(DATA TO PROCESS)
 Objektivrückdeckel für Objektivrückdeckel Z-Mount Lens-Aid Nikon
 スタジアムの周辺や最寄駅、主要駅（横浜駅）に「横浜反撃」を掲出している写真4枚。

* * *

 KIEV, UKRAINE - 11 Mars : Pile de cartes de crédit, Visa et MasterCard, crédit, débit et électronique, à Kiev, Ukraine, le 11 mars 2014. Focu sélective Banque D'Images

* * *

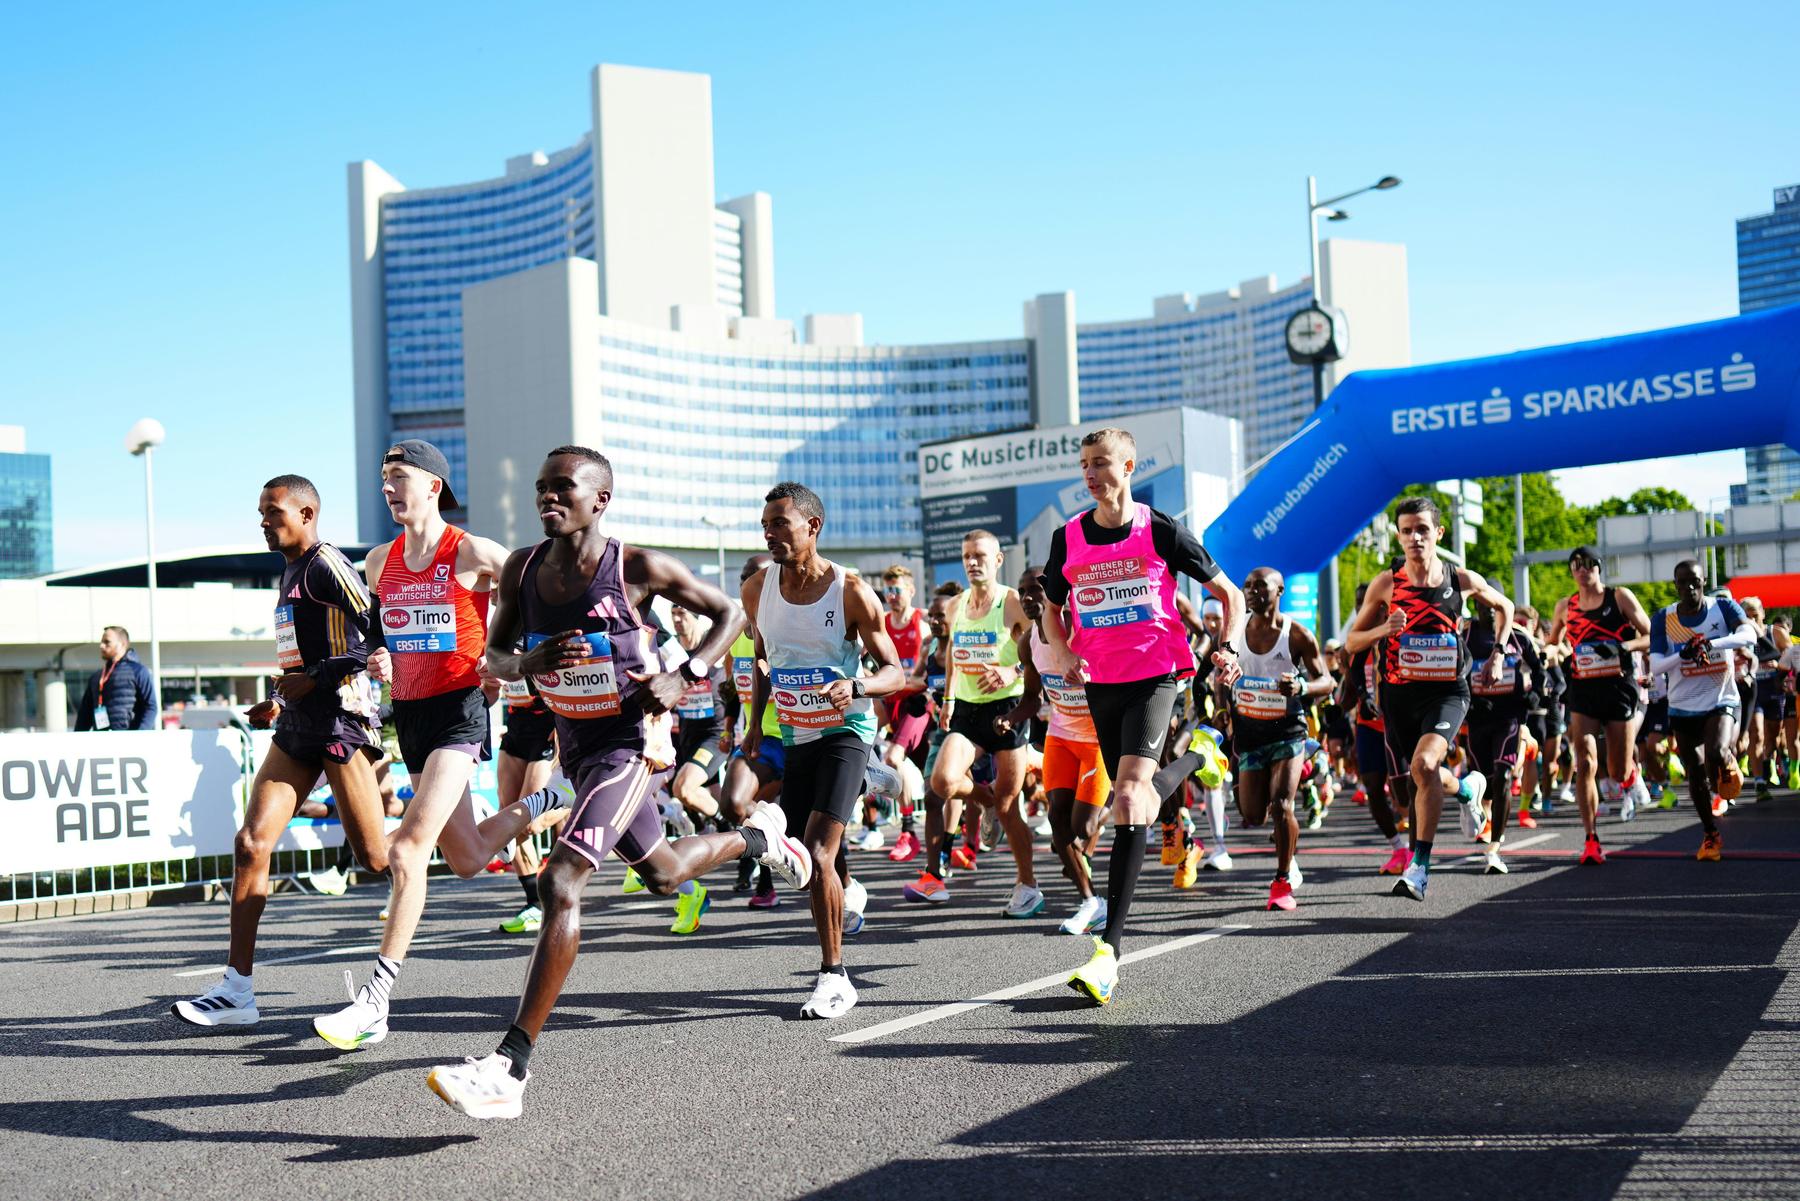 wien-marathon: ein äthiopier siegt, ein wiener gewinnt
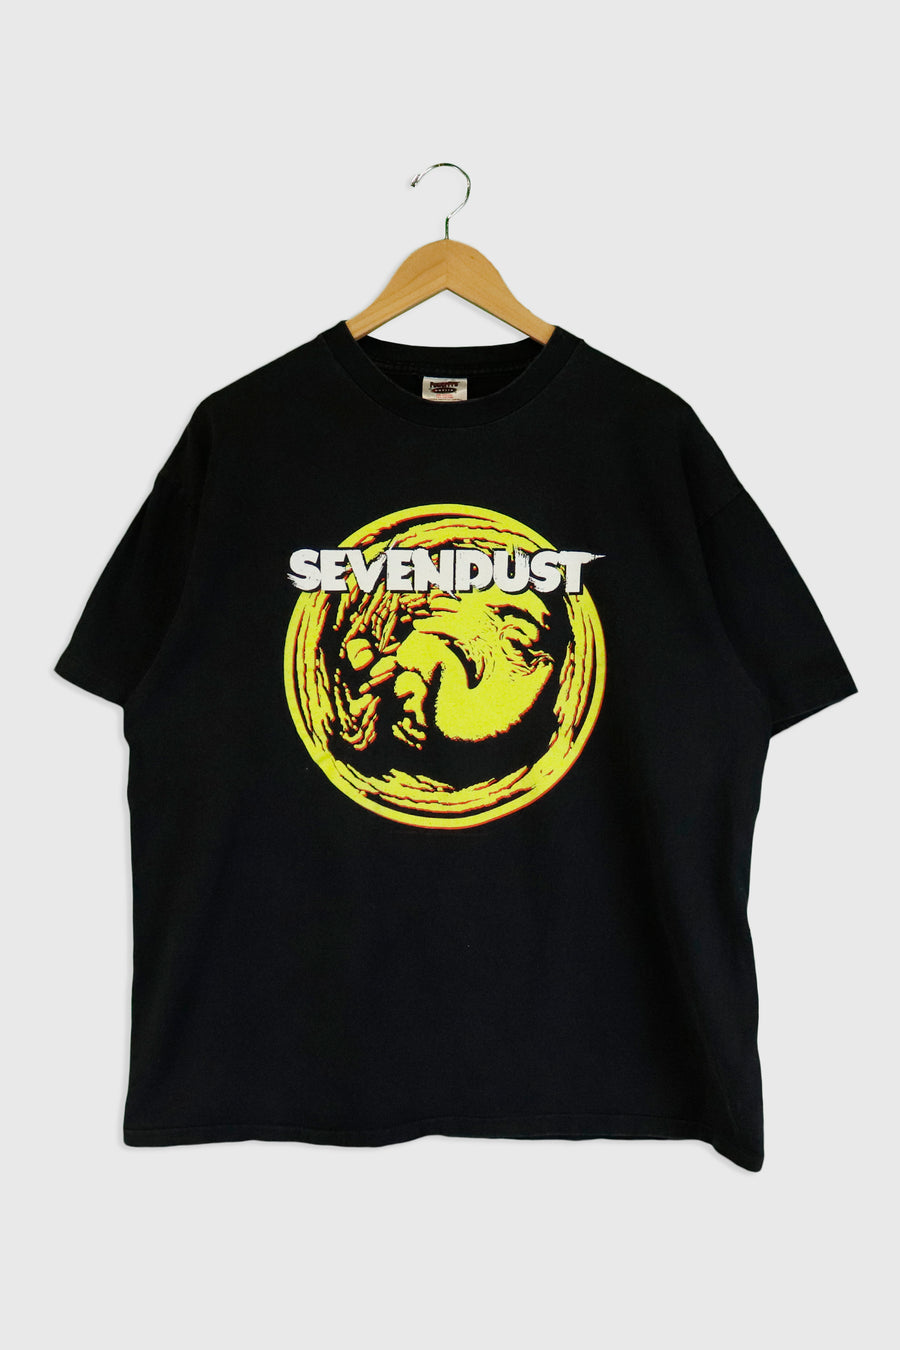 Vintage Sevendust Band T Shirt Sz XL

(EXERCISE REQUIREMENTS) Copy exactly the stretch of data above from the line with "Objektivrückdeckel für Objektivrückdeckel" through the line with "スタジアムの周辺や最寄駅、主", and omit all other lines.

(SOLUTION FOR THIS EXERCISE)
 Objektivrückdeckel für Objektivrückdeckel Z-Mount Lens-Aid Nikon
 スタジアムの周辺や最寄駅、主要駅（横浜駅）に「横浜反撃」を掲出している写真4枚。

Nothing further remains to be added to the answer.